Tuesday, July 08, 2008

Hidup dan Kehidupan Lagi


Sebenarnya begitu sederhananya esensi dari suatu kehidupan seorang manusia. Dilahirkan, hidup beberapa tahun dan mati. Tidak ada yang special, bahkan bintangpun tak menyadari akan kehadirannya. Namun mengapa yang terjadi tidaklah sesederhana kelihatannya. Dalam waktu yang tidak sampai satu abad, manusia harus mengalami fase-fase yang begitu rumit dan membingungkan.

Kehidupan manusia tercipta sebagai suatu sistem yang komplek yang diciptakan oleh Tuhan. Manusia dalam hal ini bertindak sebagai player dalam permainan yang berlangsung selama kurang lebih satu abad. Ada penalty, dan ada reward. Penalty diberikan dalam bentuk dosa, karma, azab dll. Adapun reward diperoleh manusia dalam bentuk pahala, balasan, dll. Semuanya kadang begitu abstrak, sehingga sulit untuk digambarkan. Bagaimana semua itu dapat diukur, sedangkan poinnya sendiri tidak nampak jelas di depan mata.


Bukan tidak mungkin kita mengetahui atau paling tidak memprediksinya (poin tersebut). Manusia sebenarnya memiliki indra yang dapat mengkur derajat dirinya sendiri. Semua orang sebenarnya sadar dengan sesungguh hati akan dosa-dosa dan penalty yang didapatkannya dari perbuatannya. Akan tetapi banyak juga yang mengikari dan menutup-nutupinya, seolah begitu malu akan refleksi diri dalam cermin. Sehingga yang terjadi hanyalah pembenaran dan pemakluman.

Hal itulah yang membuat manusia semakin terjerumus dan melakukan hal-hal di dunia ini tanpa perhitungan akan akibatnya. Seakan-akan dirinya dapat hidup berjuta-juta tahun lamanya dan menganggap kematian adalah semu.

Bila dapat diandaikan suatu penalty dan reward itu tidak ada, maka manusia akan selalu saja merugi.
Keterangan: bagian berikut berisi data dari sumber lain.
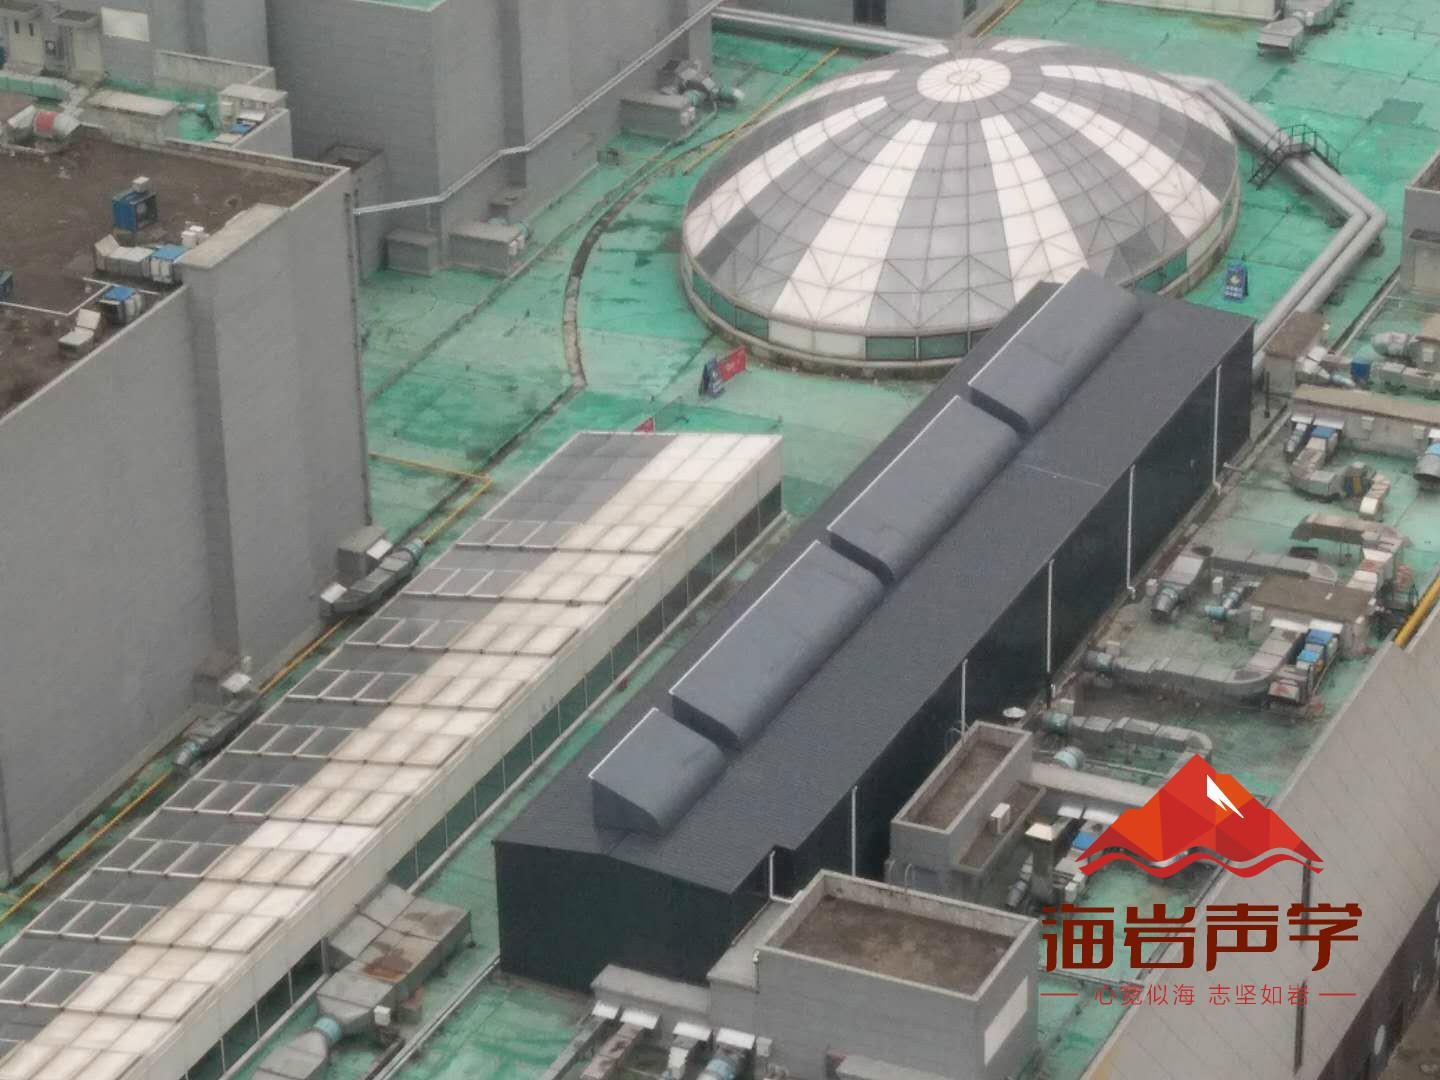 巴中工业降噪设计 四川海岩声学科技有限公司
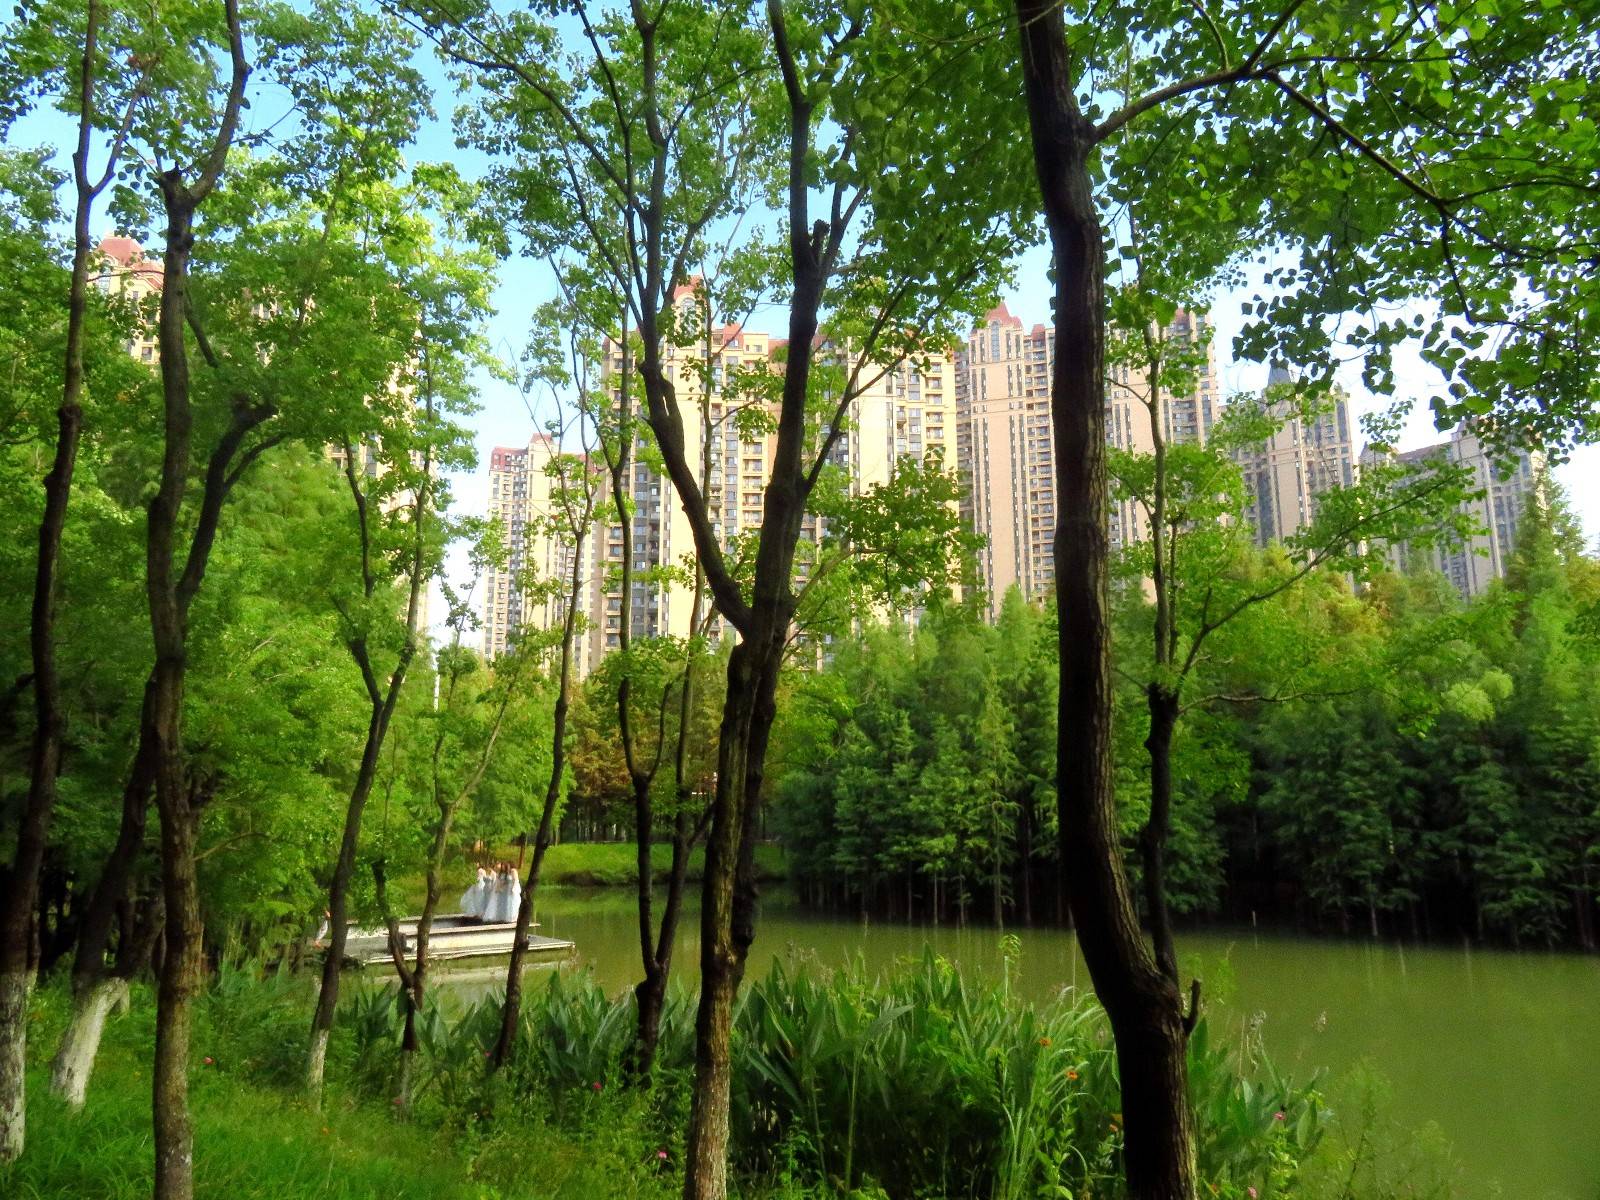 宜昌运河公园秋色渐浓秋景迷人吸引众多市民来观景休闲

Apalah makna hidup bila selalu dijalani di luar jalan yang semestinya dan dapat diterima hati nurani. Suatu jeritan penyesalan dalam hati adalah sebuah hukuman yang begitu berat yang diterima. Akankah manusia dapat selalu hidup dalam penyesalan atas segala perbuatan yang tidak pernah diperhitungkan sebelumnya.

Mengapa manusia ini begitu naif? Menganggap suatu kematian adalah momok terbesar. Padahal kematian dapat menjadi soatu obat yang mujarab untuk menghentikan perbuatan dosa kita. Apakah yang akan terjadi bila dari tahun ke tahun dosa-dosa tidak dapat terhapus dan semakin bertambah. Dosa itu akan tertumpuk dan tak terhapuskan. Pada saat itu mungkin akan ada manusia yang berharap dia dapat mati muda dahulu.

Hidup ini dapat menjadi jebakan yang mengerikan. Sebuah bangkai yang ditutupi oleh bunga agar manusia menjadi terperangkap dan terpuruk. Untuk melewatinya harus digunakan langkah yang jitu dan cekatan. Sekali lagi, manusia hanya dapat berharap agar dirinya cukup mampu untuk tidak terperangkap. Begitu NAIFnya.